Optional extras and troubleshooting tips are listed in docs/installation.md.

2. Clean a review column in-place

import pandas as pd
from leksara import leksara

df = pd.DataFrame(
    {
        "review_id": [101, 102],
        "review_text": [
            "<p>Barangnya mantul!!! Email saya user@mail.id, WA 0812-3456-7890</p>",
            "Kualitasnya ⭐⭐⭐⭐, pengiriman 4/5. Hubungi +62 812 8888 7777",
        ],
    }
)

# Apply the ecommerce review preset
df["clean_text"] = leksara(df["review_text"], preset="ecommerce_review")
print(df[["review_id", "clean_text"]])

3. Audit raw text with CartBoard

from leksara.frames.cartboard import get_flags, get_stats

flags = get_flags(df, text_column="review_text")
stats = get_stats(df, text_column="review_text")

print(flags[["review_id", "pii_flag", "rating_flag", "non_alphabetical_flag"]])
print(stats.iloc[0]["stats"])  # nested histogram of noise sources

4. Compose a tailored pipeline

from leksara import ReviewChain
from leksara.function import (
    case_normal,
    remove_punctuation,
    remove_stopwords,
    replace_email,
    replace_phone,
)

chain = ReviewChain.from_steps(
    patterns=[(replace_phone, {"mode": "replace"}), (replace_email, {"mode": "replace"})],
    functions=[case_normal, remove_stopwords, remove_punctuation],
)

cleaned, metrics = chain.transform(df["review_text"], benchmark=True)

Documentation Map

Topic When to read Location
Installation & environment You are provisioning a workstation or CI agent docs/installation.md
Feature deep dives You need behavioral details, configuration knobs, or per-feature dependencies docs/features.md
Public API reference You want signatures, argument descriptions, and return payload formats docs/api.md
Worked examples You prefer copy/paste recipes for notebooks or pipelines docs/examples.md
Dependency matrix You must vet optional packages or align with enterprise policies docs/dependencies.md
Contributing You plan to submit patches, run tests, or build docs docs/contributing.md

How Leksara Fits Together

  • Pipelinesleksara(...) is a convenience wrapper around ReviewChain; both accept raw sequences (list/Series) and return cleaned text plus optional benchmarking details.
  • Frames layerCartBoard and friends operate on review tables, deriving flags, statistics, and noise diagnostics suitable for dashboards.
  • Functions layer – The leksara.function module mirrors the implementation modules under leksara/functions so you can cherry-pick individual cleaners without touching internals.
  • Resources – Regex rules and dictionaries stored under leksara/resources/ drive PII detection, slang resolution, and whitelist protection.
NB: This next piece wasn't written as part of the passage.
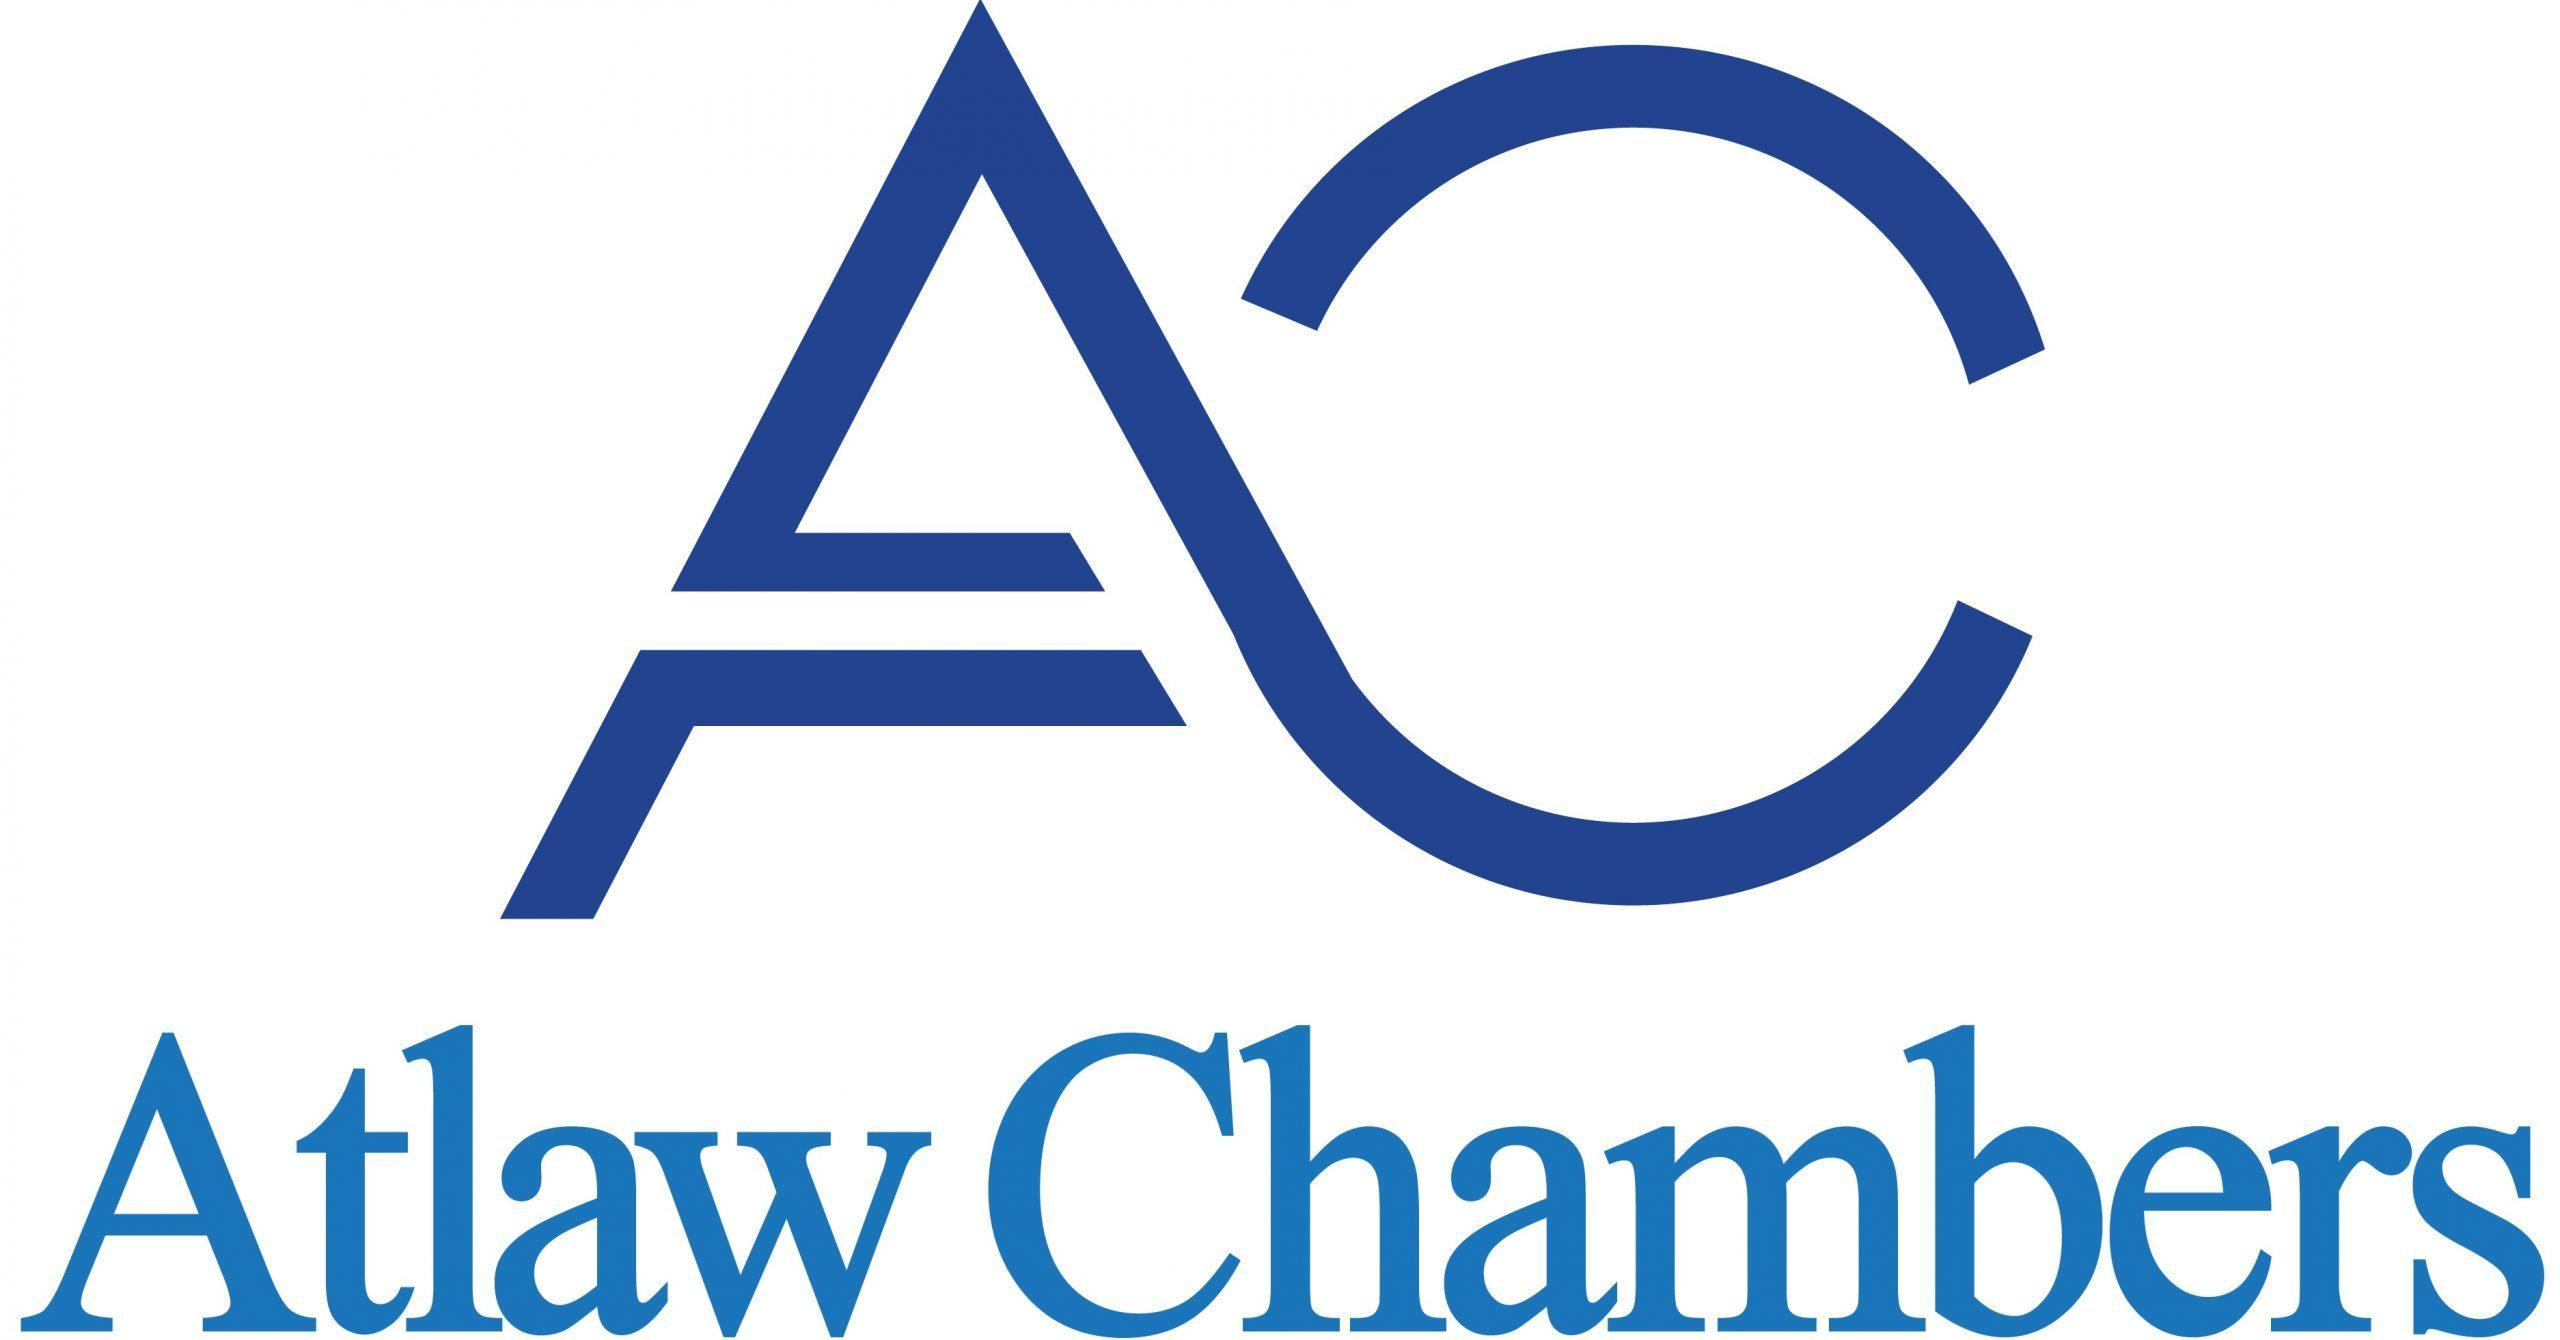 Atlaw Chambers

Update these files to specialise the toolkit.
  • Logging & benchmarkingleksara.core.logging ships opt-in helpers to emit step-level logs, while benchmark=True collects timing metadata for throughput tuning.

Architectural notes, data contracts, and extension points for each layer are captured in docs/features.md.


Contributing & Support

  • Read docs/contributing.md before opening a pull request. It covers environment setup, style, testing, and documentation requirements.
  • File issues on GitHub with reproducible examples; include the preset, optional dependencies, and OS details when reporting pipeline differences.
  • Commercial or large-scale users should build automated smoke tests around ReviewChain to detect upstream dictionary or regex changes.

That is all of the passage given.